Israel’s first gathering and subsequent founding of the State in 1948, is a miracle of God before our very eyes. Again, Israel didn’t take this land for itself! It is God’s land, and He gave it to Israel. He speaks of “my country,” and He didn’t designate that country for anyone else. This is why Joel 3:1-3 reads:

“For, behold, in those days, and in that time, when I shall bring again the captivity of Judah and Jerusalem, I will also gather all nations, and will bring them down into the valley of Jehoshaphat, and will plead with them there for my people and for my heritage Israel, whom they have scattered among the nations, and parted my land. And they have cast lots for my people; and have given a boy for an harlot, and sold a girl for wine, that they might drink.”

This passage tells us where the “land for peace” policy, as demanded by the international community, will lead: to God’s judgment. Why? It is His land, which He has designated for none other than His people Israel. The fact that today’s State of Israel still exists after 75 years is a divine miracle. 

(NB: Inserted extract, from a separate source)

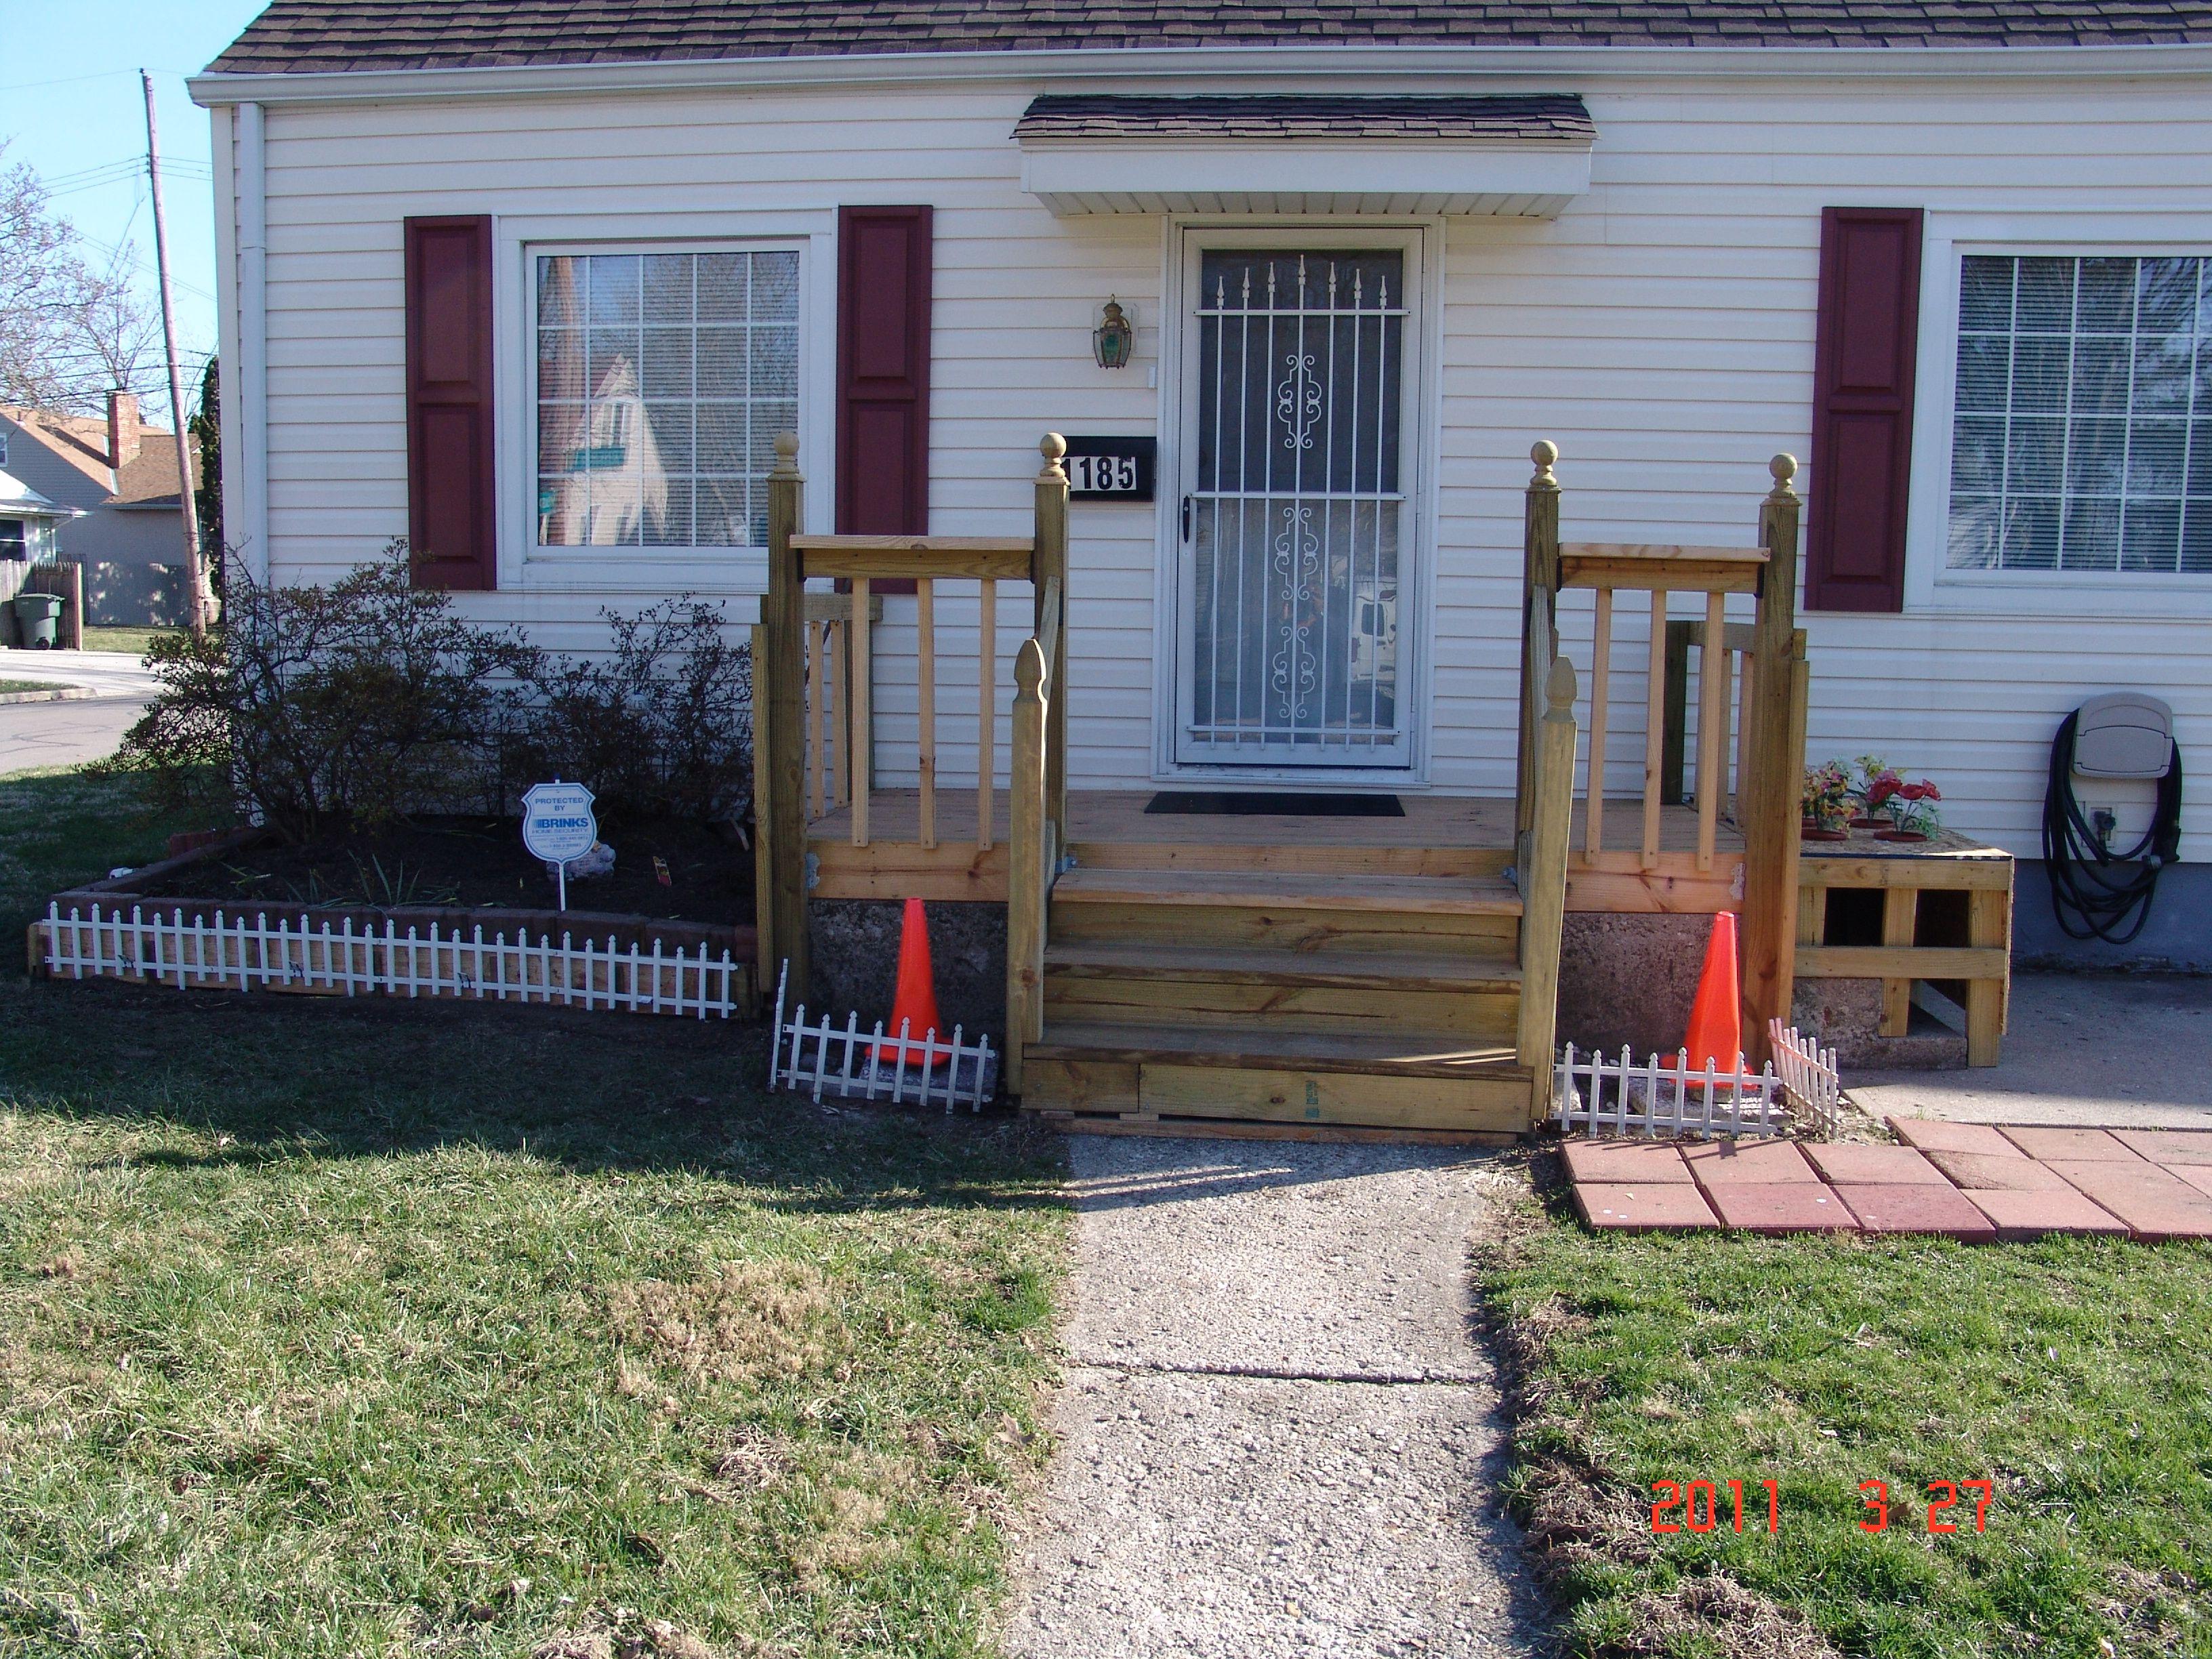 Building A Front Porch Deck Steps Rails Over Old Concrete Steps

As author Ramon Bennett wrote in his book The Wall: Prophecy, Politics, and Middle East ‘Peace’: “Never, in 5,000 years of recorded history, has a people come back to its land after 2,000 years, as Israel has done. Never, in 5,000 years of recorded history, has a ‘dead’ language been revived into the vernacular, as Hebrew, Israel’s common language, has been. Never have so few people been attacked by such great numbers so many times, as Israel has been. Never have so few people inflicted such decisive defeats upon such powerful armies in so few days, as Israel has done.”

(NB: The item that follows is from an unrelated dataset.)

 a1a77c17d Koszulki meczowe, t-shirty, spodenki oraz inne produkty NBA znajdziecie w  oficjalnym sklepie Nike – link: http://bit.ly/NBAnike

Taking this into consideration, it’s interesting to note that Hebrew as the Jewish people’s everyday language was lost after Jerusalem fell and the people were scattered by the Romans in 70 and 135 AD. It was used only in the synagogues when reading from the Old Testament writings, and was the scholarly language of the rabbis. Apart from that, the Jews spoke either Yiddish or the language of the country in which they were living. But with the Jewish people’s return to their homeland, there was also a revival of the Hebrew language. Today, this language is once again the primary language of the Jewish people in Israel. Dr. Roger Liebi writes:  “There has never been anything like this in the history of the world! There has never been a language which had been dead for over 1,000 years brought back to life as a fully functional national language” (from Are We Really Living in the Last Days? p. 74).

When the Lord Jesus ascended into heaven, angels told the people watching, “Ye men of Galilee, why stand ye gazing up into heaven? this same Jesus, which is taken up from you into heaven, shall so come in like manner as ye have seen him go into heaven” (Acts 1:11).

When Jesus departed for heaven, He left behind a people who spoke Hebrew. He will return to a people who speak Hebrew. Doesn’t that show the great timeliness of the Bible’s prophetic Word, down to the smallest detail?

We’ve grown far too accustomed to the State of Israel’s existence, and are forgetting what a tremendous miracle occurred when God restored His people to His land! He did this for a single purpose: that they would serve Him there (cf. Acts 7:7). People, land, and ministry are inextricably linked. Even though we’re still seeing Israel’s infidelity and guilt today (Ps 106), the Lord is still working with His people and will lead them to serve Him in His land. And we can be eyewitnesses to how He repeatedly works miracles for His people, using both grace and judgment to accomplish this goal.

“God hath not cast away his people which he foreknew” (Rom 11:2a)!